See Goodman and Gilman's, The Pharmacological Basis for
Therapeutics (7th ed.).
[0067] The pharmaceutical compositions according to the disclosure
may be administered locally or systemically. By "effective dose" is
meant the quantity of a nanostructure according to the disclosure
to sufficiently provide measurable PRET. Amounts effective for this
use will, of course, depend on the tissue and tissue depth, route
of delivery and the like.
[0068] Typically, dosages used in vitro may provide useful guidance
in the amounts useful for administration of the pharmaceutical
composition, and animal models may be used to determine effective
dosages for specific in vivo techniques. Various considerations are
described, e.g., in Langer, Science, 249: 1527, (1990); Gilman et
al. (eds.) (1990), each of which is herein incorporated by
reference.
[0069] As used herein, "administering an effective amount" is
intended to include methods of giving or applying a pharmaceutical
composition of the disclosure to a subject that allow the
composition to perform its intended function.
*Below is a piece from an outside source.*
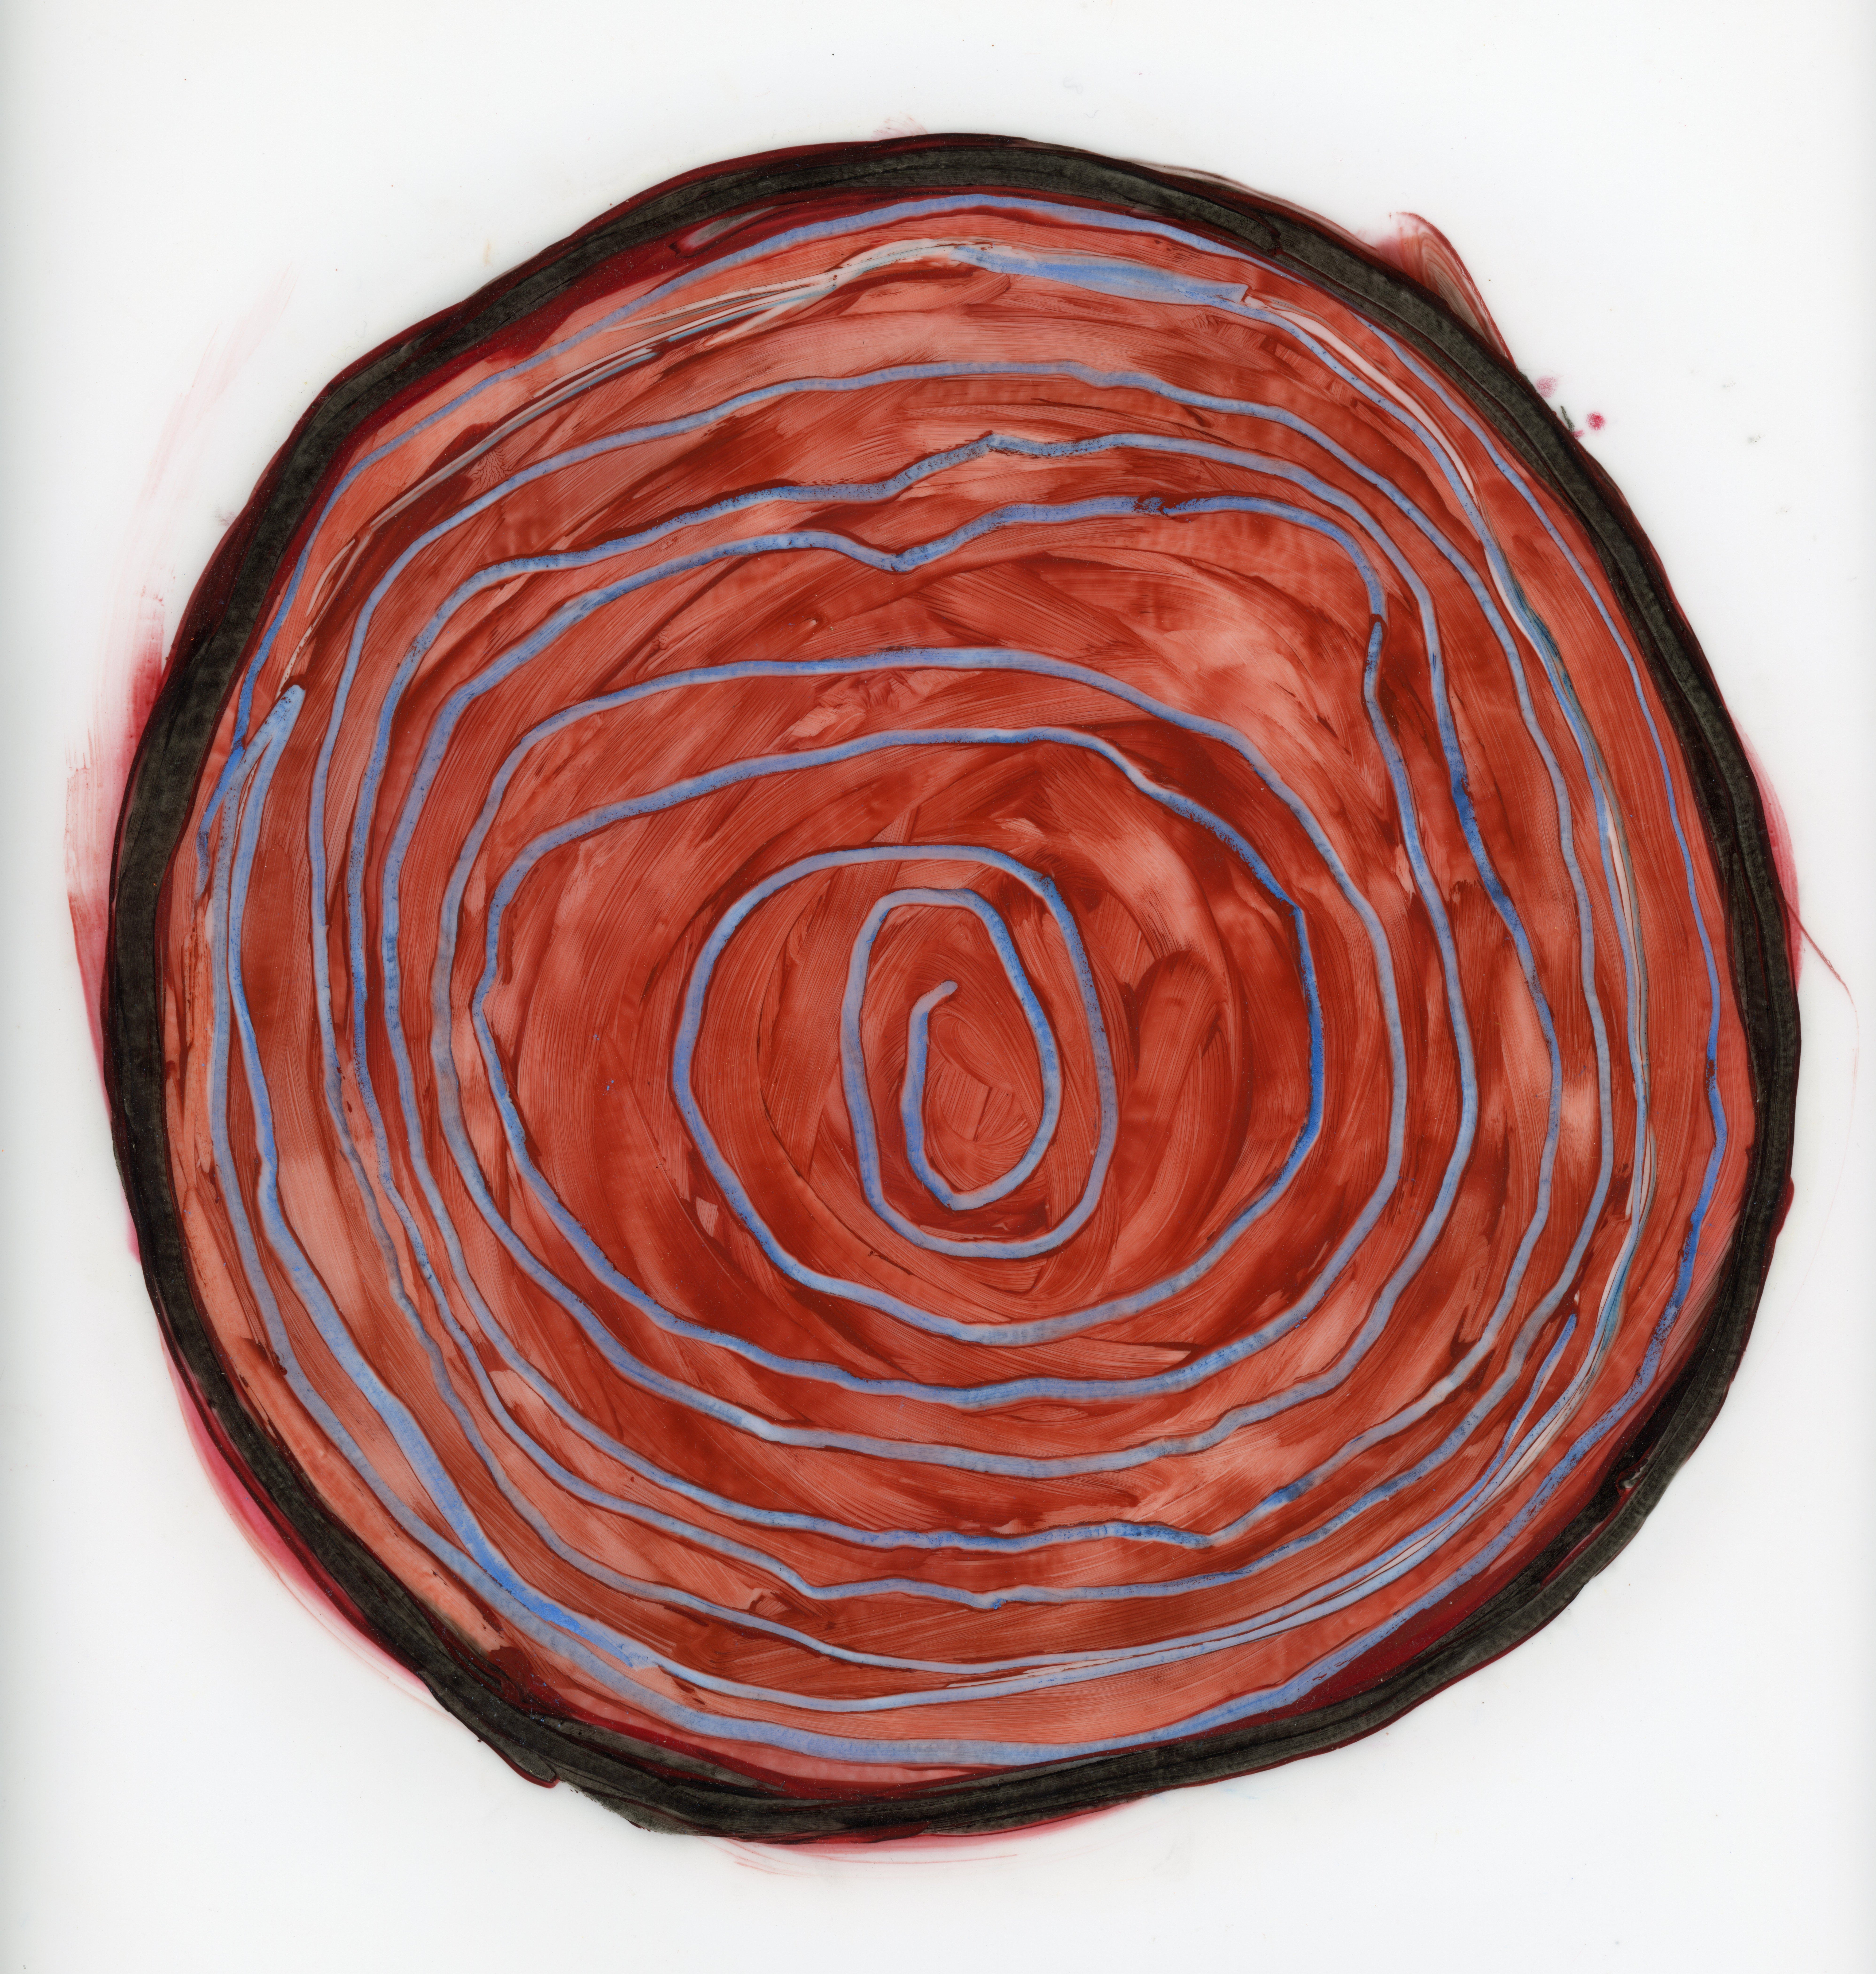 Abstract Painting Vincent Salvati - "Dessin de cercle #3 Dessin abstrait original contemporain

[0070] The pharmaceutical composition can be administered in a
convenient manner, such as by injection (e.g., subcutaneous,
intravenous, and the like), oral administration, inhalation,
transdermal application, or rectal administration. Depending on the
route of administration, the pharmaceutical composition can be
coated with a material to protect the pharmaceutical composition
from the action of enzymes, acids, and other natural conditions
that may inactivate the pharmaceutical composition. The
pharmaceutical composition can also be administered parenterally or
intraperitoneally. Dispersions can also be prepared in glycerol,
liquid polyethylene glycols, and mixtures thereof, and in oils.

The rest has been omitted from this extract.